28 Jan 2022 Anthony Lehrman
Erdogan Orders Turkey’s Ruling Party To Explore Cryptos And Metaverse
Cryptocurrencies are increasingly becoming a hedge against inflation, as several countries began exploring potential use cases, the last one being Turkey. Indeed, the president of Turkey, Recep Tayyip Erdoğan, directed the Justice and Development Party (AK Party) to explore and analyze new developments, including cryptocurrency and the metaverse.
During a Justice and Development Party’s central executive board meeting, Erdoğan added that cryptos are a sensitive subject and the party must do a good and meticulous study.
Former Turkish Minister of European Union Affairs and AK Party spokesperson, Ömer Çelik, emphasized that there are many issues that directly affect people’s lives and the economy.
„When all these issues are discussed, it will be seen that there are some threats as well as benefits. All of these need to be regulated legally. The president has also given instructions regarding the study of the legal infrastructure of these issues,” Çelik added.
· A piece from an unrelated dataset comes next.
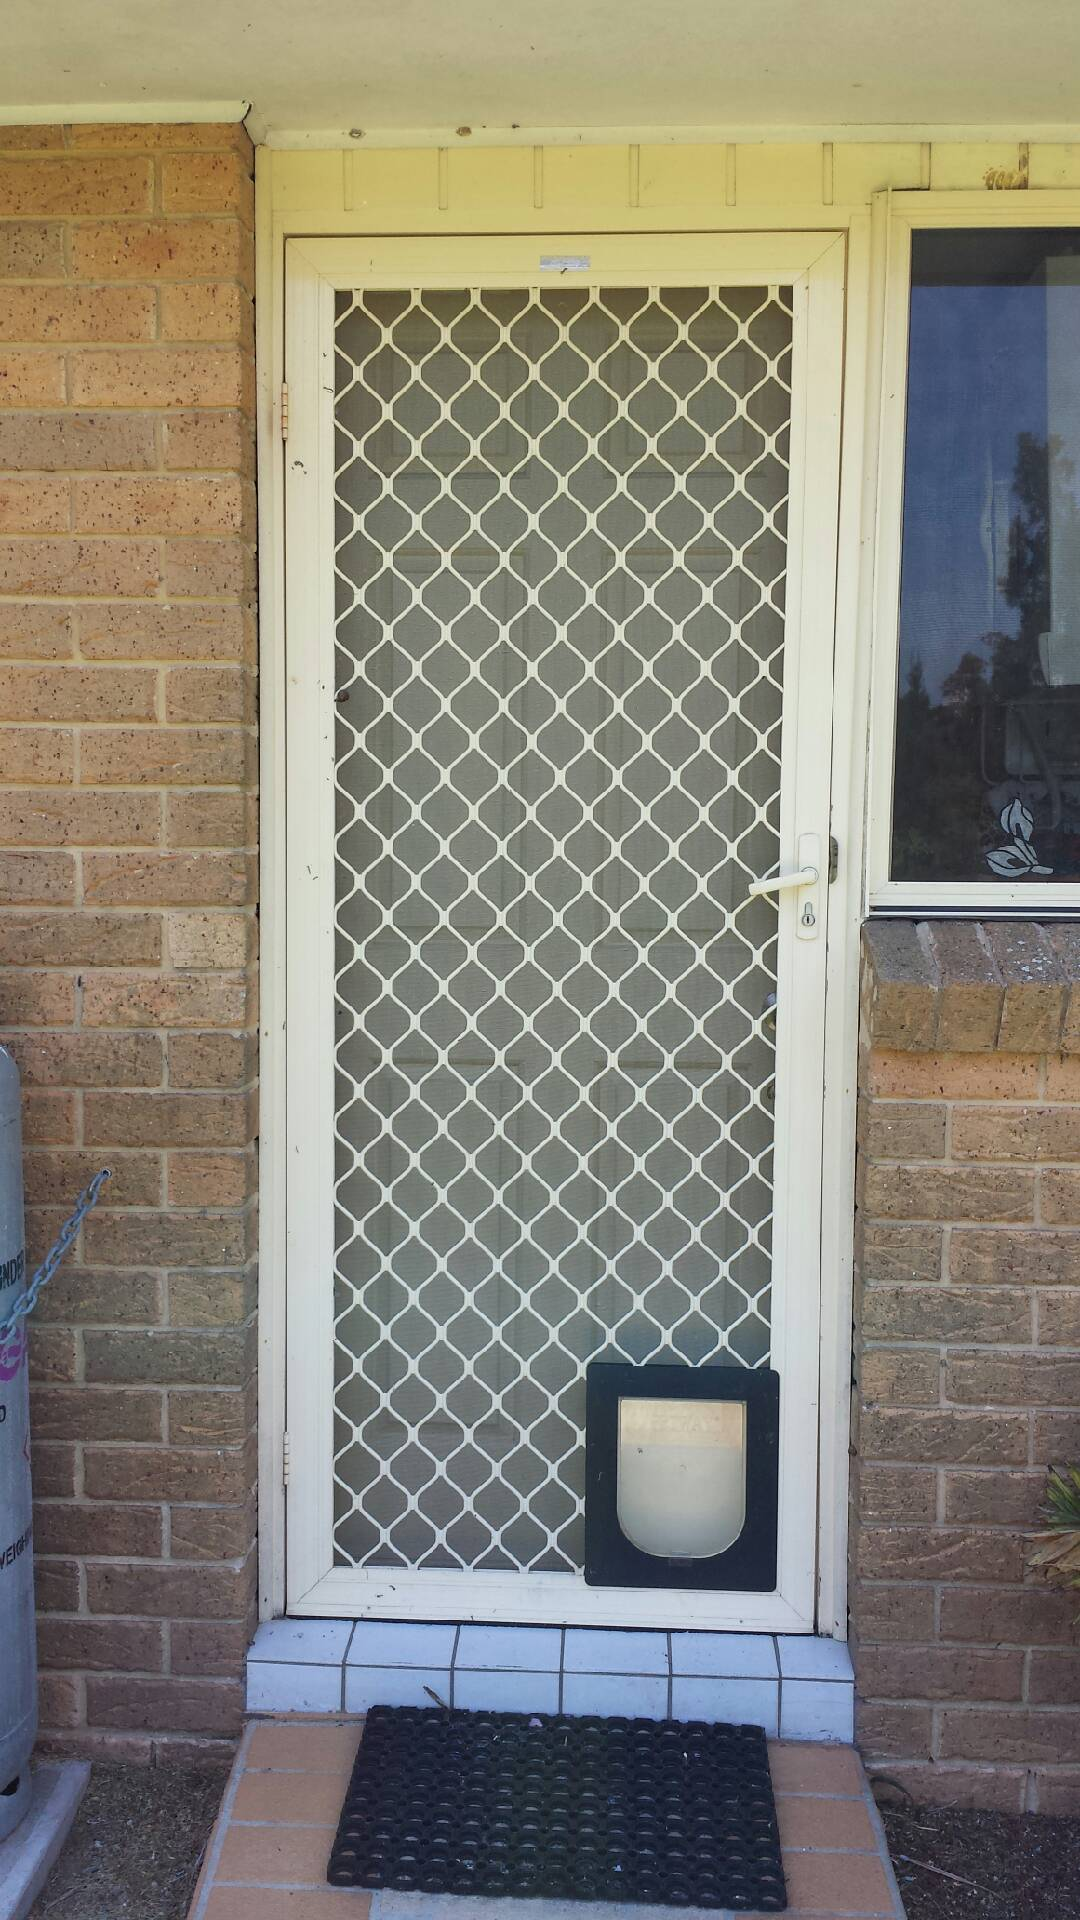 Aluminium Security Doors Screens Hunter Valley Security Doors

Turkey’s move is the latest addition to countries, trying to bring regulatory clarity amid Russian president Vladimir Putin demands the government and central bank to work out a common position on crypto regulation, as well as turning Russia into a crypto mining destination.
“I would ask both the Government of Russia and the Central Bank to come to some kind of unanimous opinion during the discussion, and I would ask you to hold this discussion in the near future, and then report on the results that will be achieved,” Putin asked.
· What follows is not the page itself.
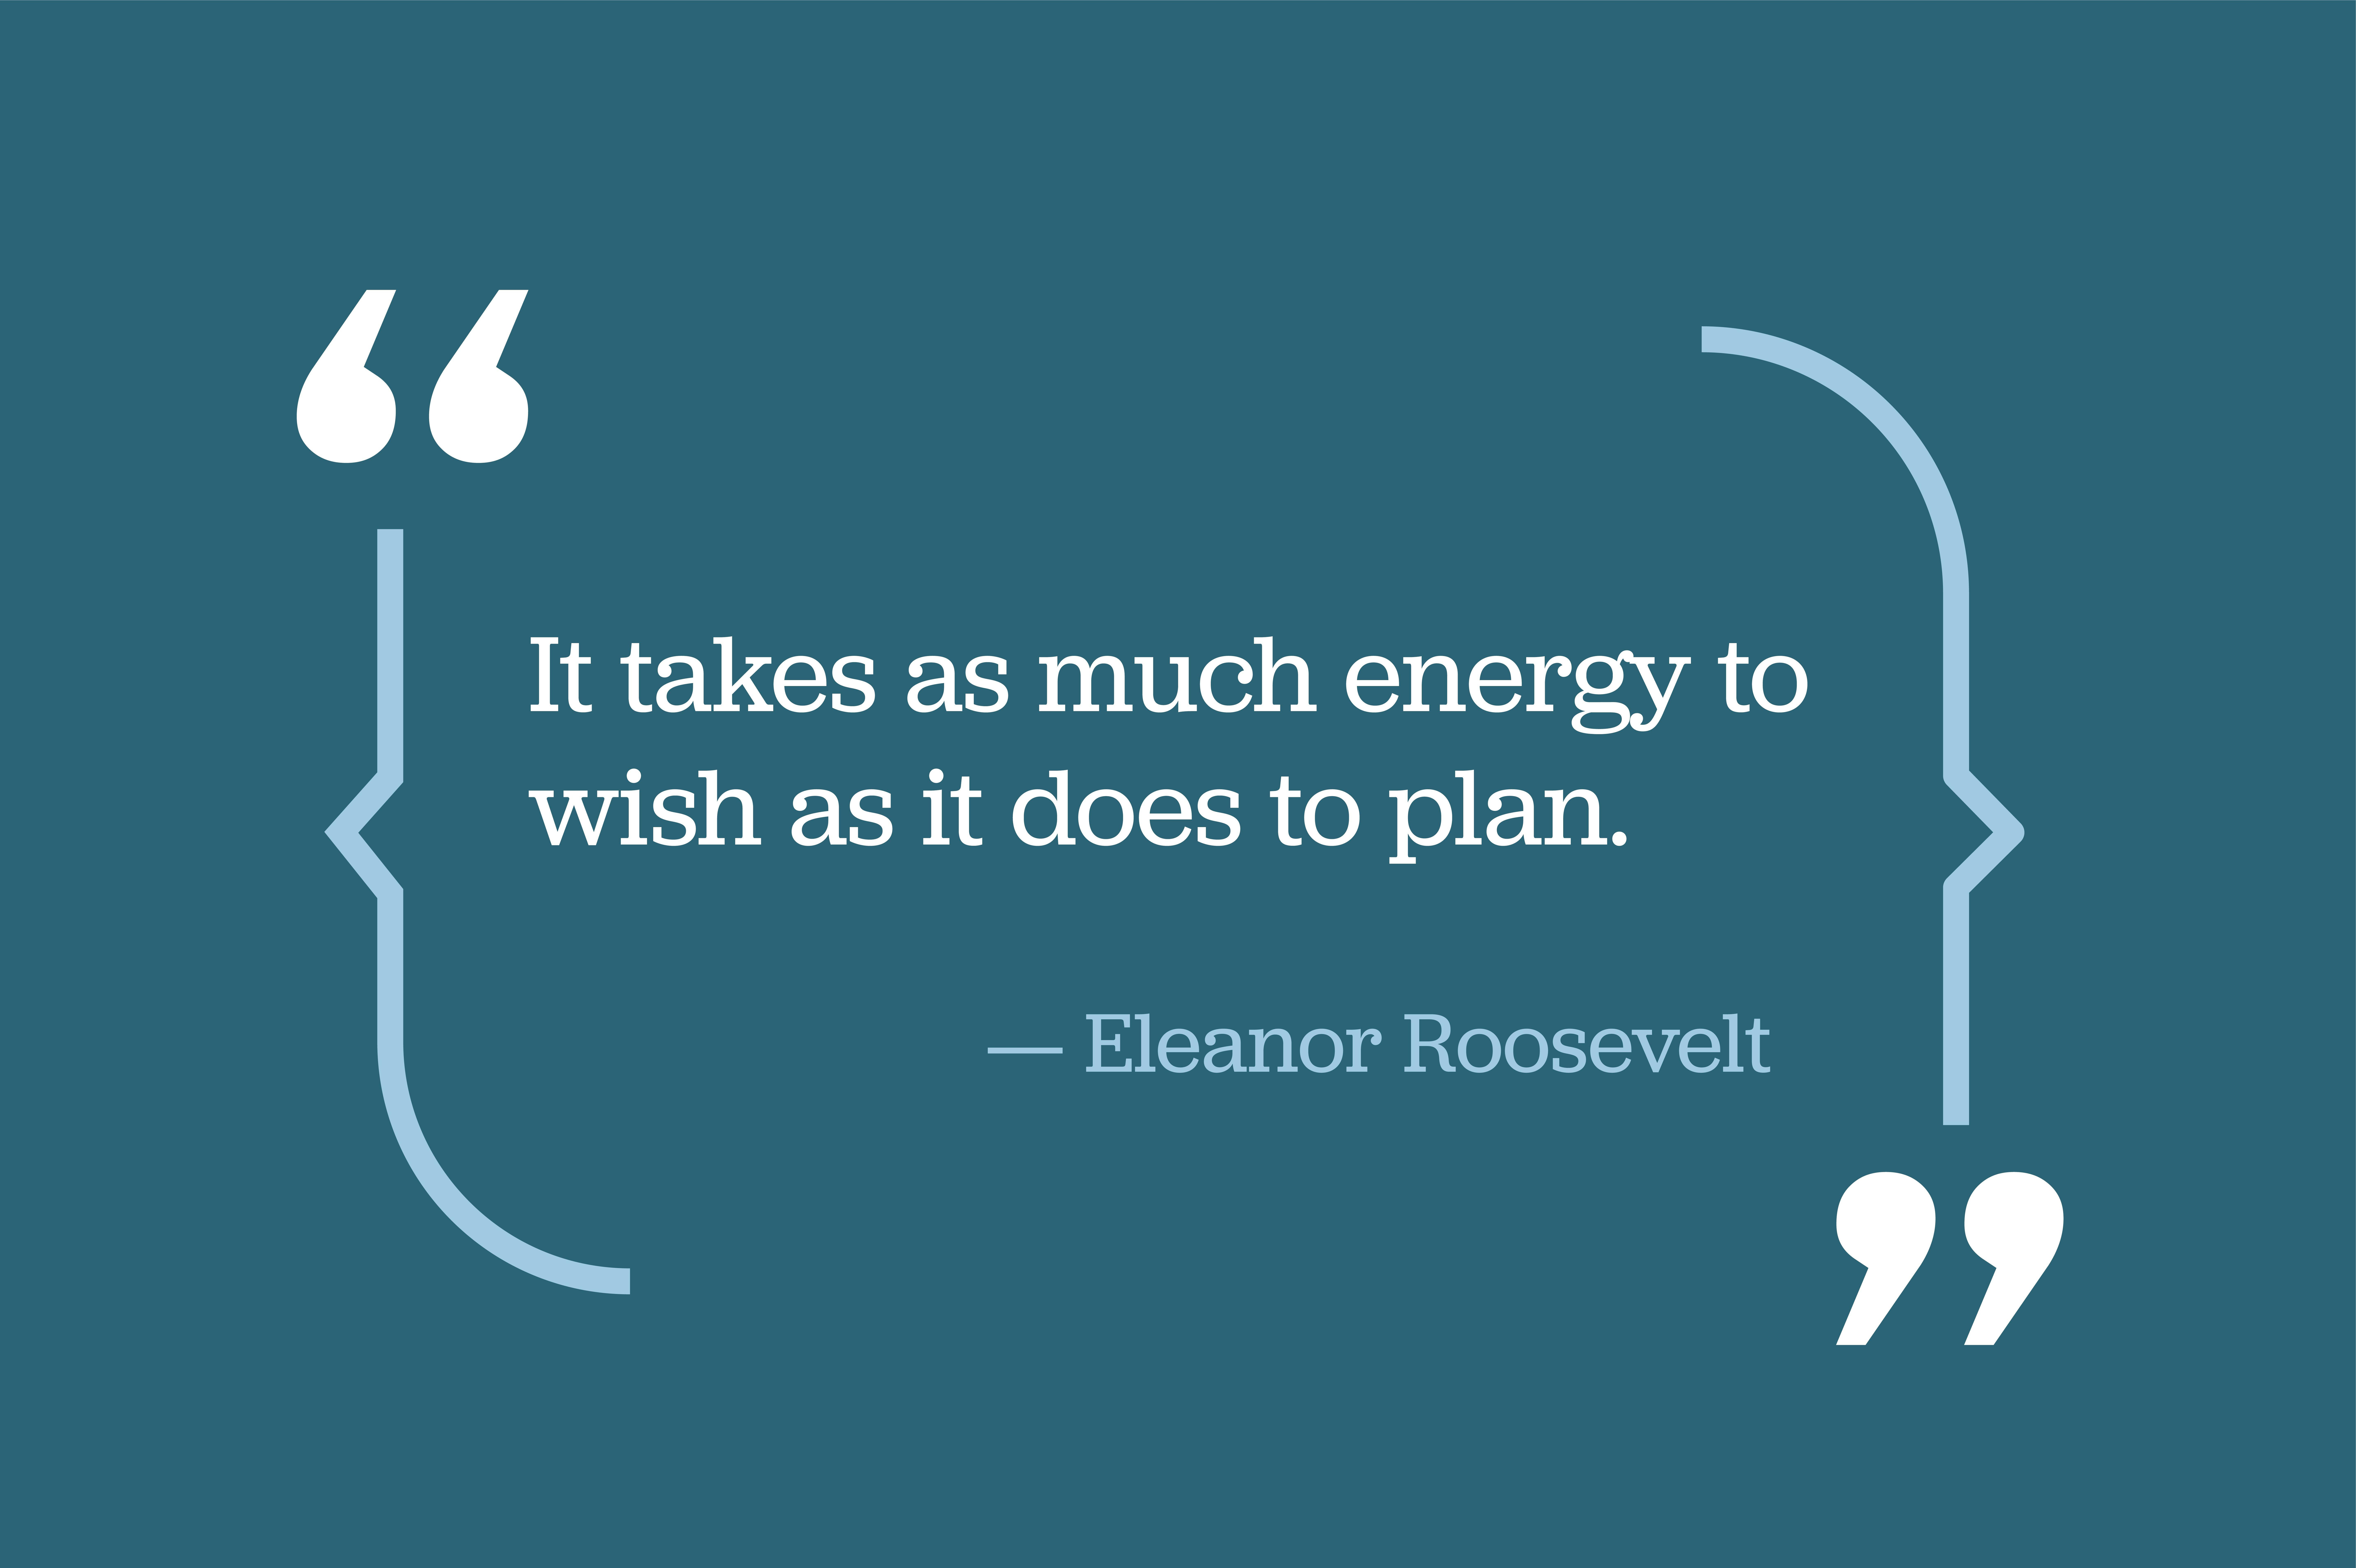 Eleanor Roosevelt Planning Quote

Also, Russia’s surplus of electricity in energy-rich Russia as well as the availability of a qualified workforce may become the nation’s main competitive advantage for crypto mining operations, especially after China launched a crackdown on the industry last year.
Meanwhile, countries that already turned towards cryptocurrencies are also facing pressure, as the IMF’s board has “urged” El Salvador to discontinue its Bitcoin tender status. El Salvador became the first nation to adopt Bitcoin as a legal tender, and despite the ongoing bullish momentum in the crypto space, continues to add Bitcoin to its stash.
The IMF’s call to El Salvador comes just two weeks after IMF economists stressed that cryptocurrencies “could soon pose risks to financial stability especially in countries with widespread crypto adoption.” Furthermore, the monetary institution criticized El Salvador’s native Chivo e-wallet, which showed stability problems since its inception, with some users even losing funds.
“Directors agreed on the importance of boosting financial inclusion and noted that digital means of payment—such as the Chivo e-wallet—could play this role, but, they emphasized the need for strict regulation and oversight of the new ecosystem of Chivo and Bitcoin,” the IMF report concluded.